This is a continuation of a previous post on this site: Finding Gaps in Timestamps for Multiple Users in PostgreSQL
I am working with a dataset containing Check-In and Check-Out times for multiple office rooms over the last 5 years. One of the projects I was asked to work on was calculating the amount of time each room is busy and vacant over various time ranges (daily, weekly, monthly, etc.) assuming set operational hours (7:30am to 5pm). Deviating from my last post, there are instances of overlapping time ranges.
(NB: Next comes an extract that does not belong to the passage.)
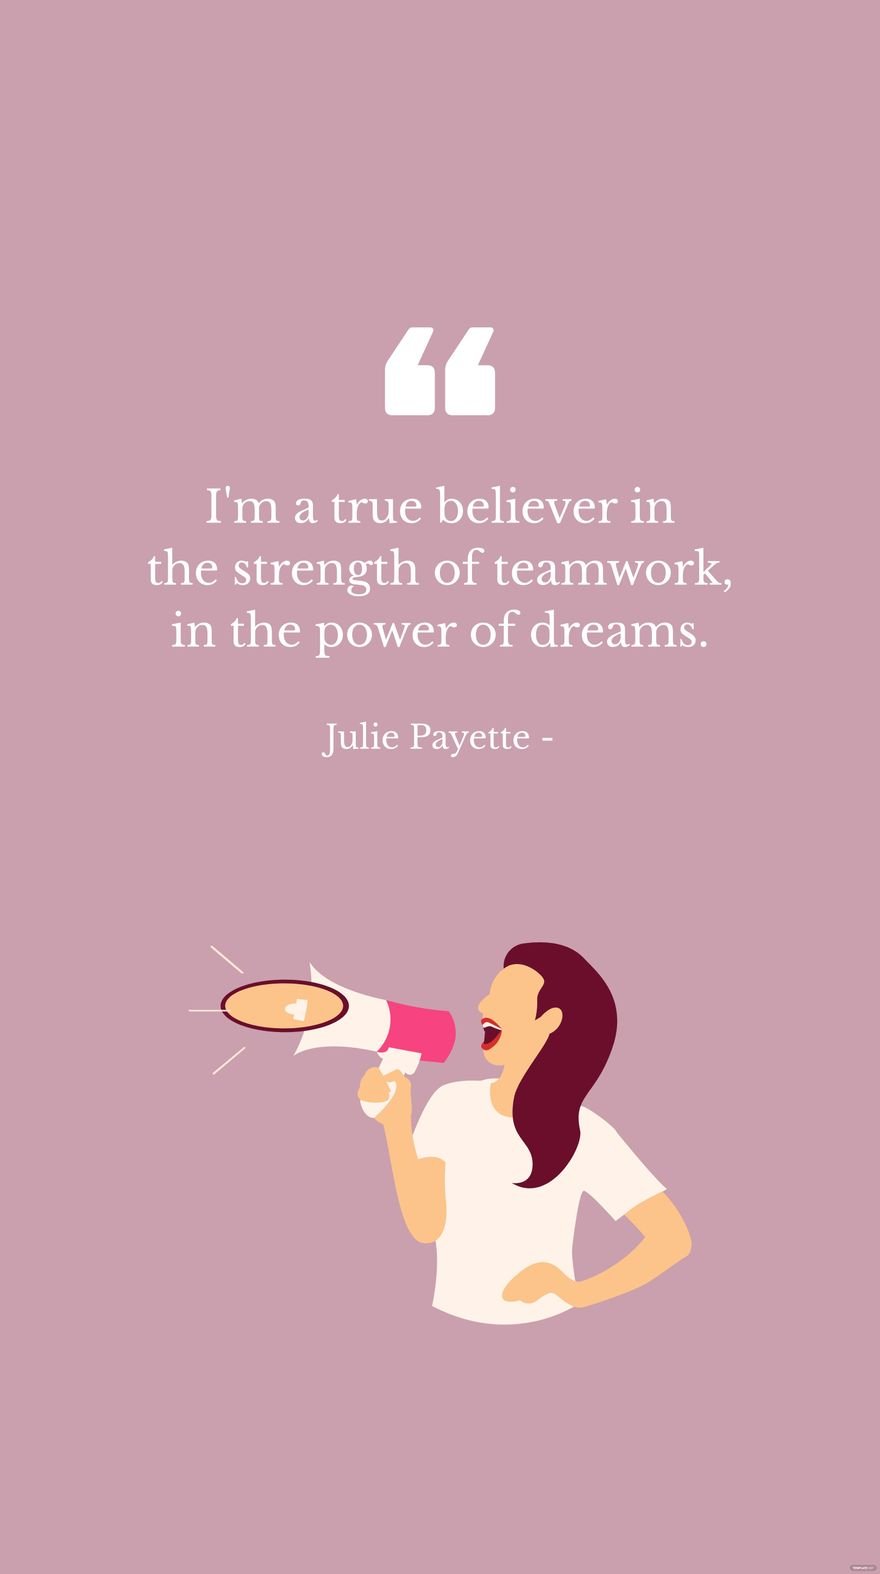 Free Julie Payette - I'm a true believer in the strength of teamwork, in the power of dreams.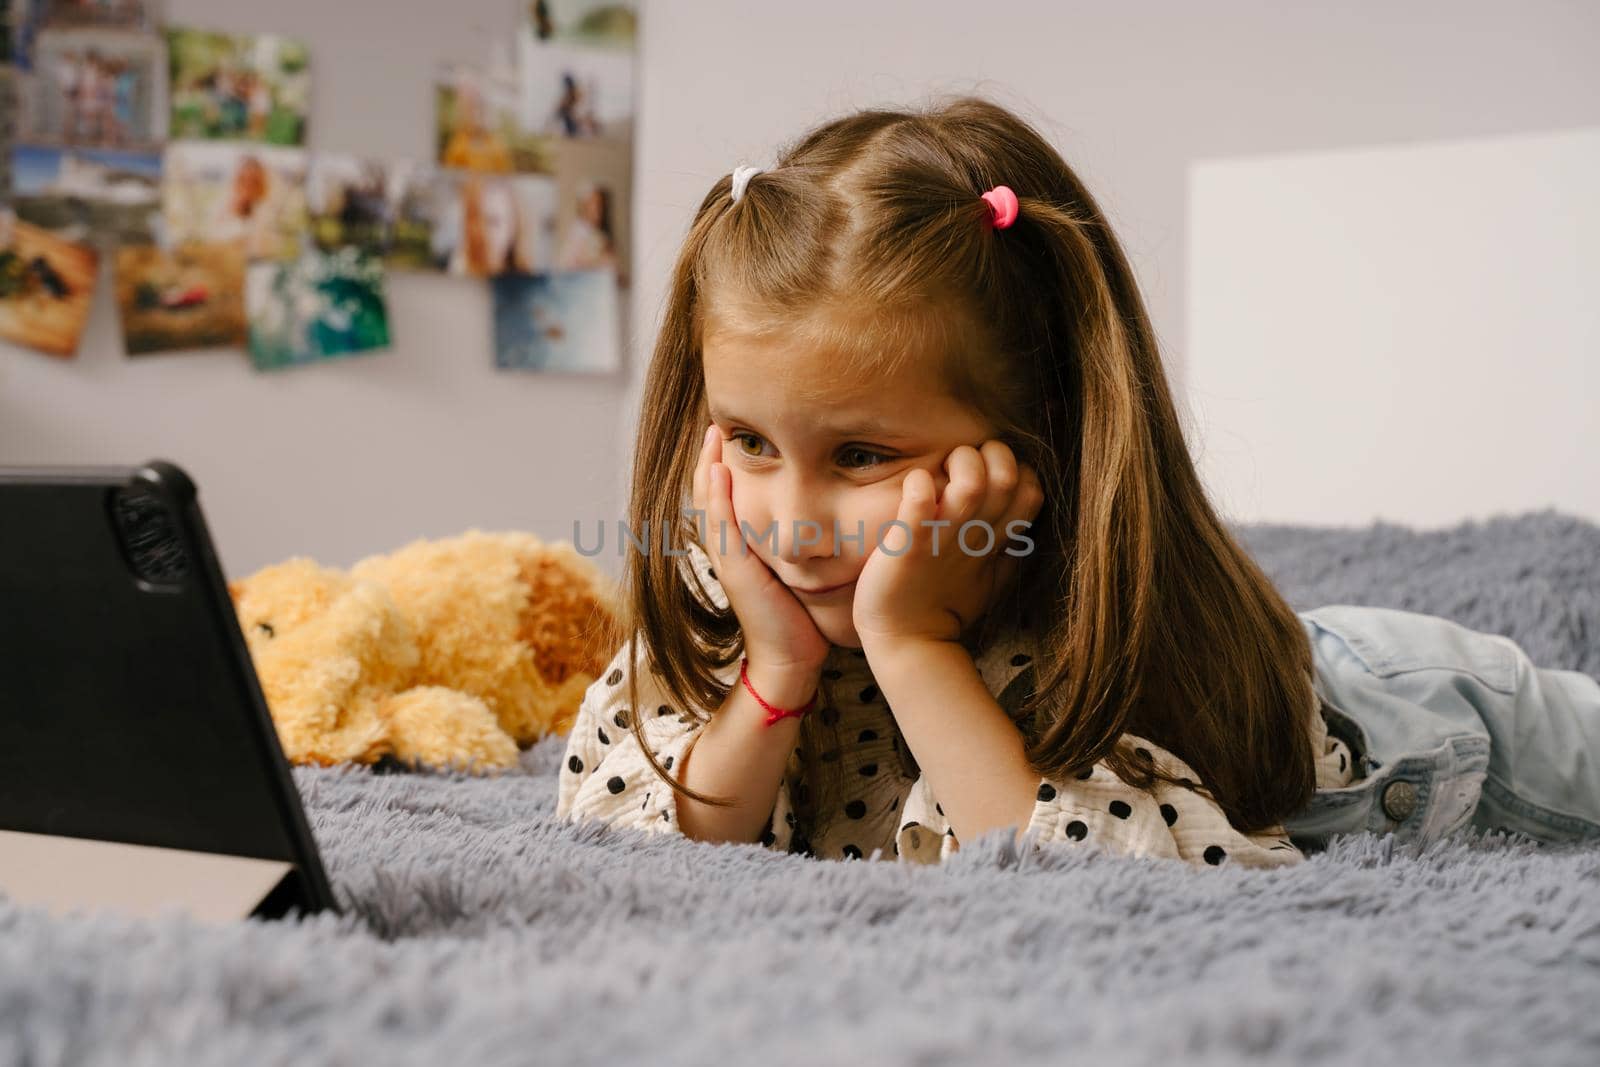 The child lies on the bed and watches cartoons on the tablet. A little girl in a polka dot print shirt. The child smiles. A little girl is talking very emotionally over a video link.

A sample of the dataset for one day looks like this:
room_id check_in check_out
"Room D" "2014-07-18 12:23:00" "2014-07-18 12:54:00"
"Room D" "2014-07-19 09:16:00" "2014-07-19 10:30:00"
"Room D" "2014-07-19 09:10:00" "2014-07-19 10:30:00"
"Room D" "2014-07-18 08:45:00" "2014-07-18 22:40:00"
"Room 5" "2014-07-19 10:20:00" "2014-07-19 12:20:00"
"Room 5" "2014-07-18 07:59:00" "2014-07-18 09:00:00"
"Room 5" "2014-07-18 09:04:00" "2014-07-18 14:00:00"
"Room 5" "2014-07-18 07:59:00" "2014-07-18 10:00:00"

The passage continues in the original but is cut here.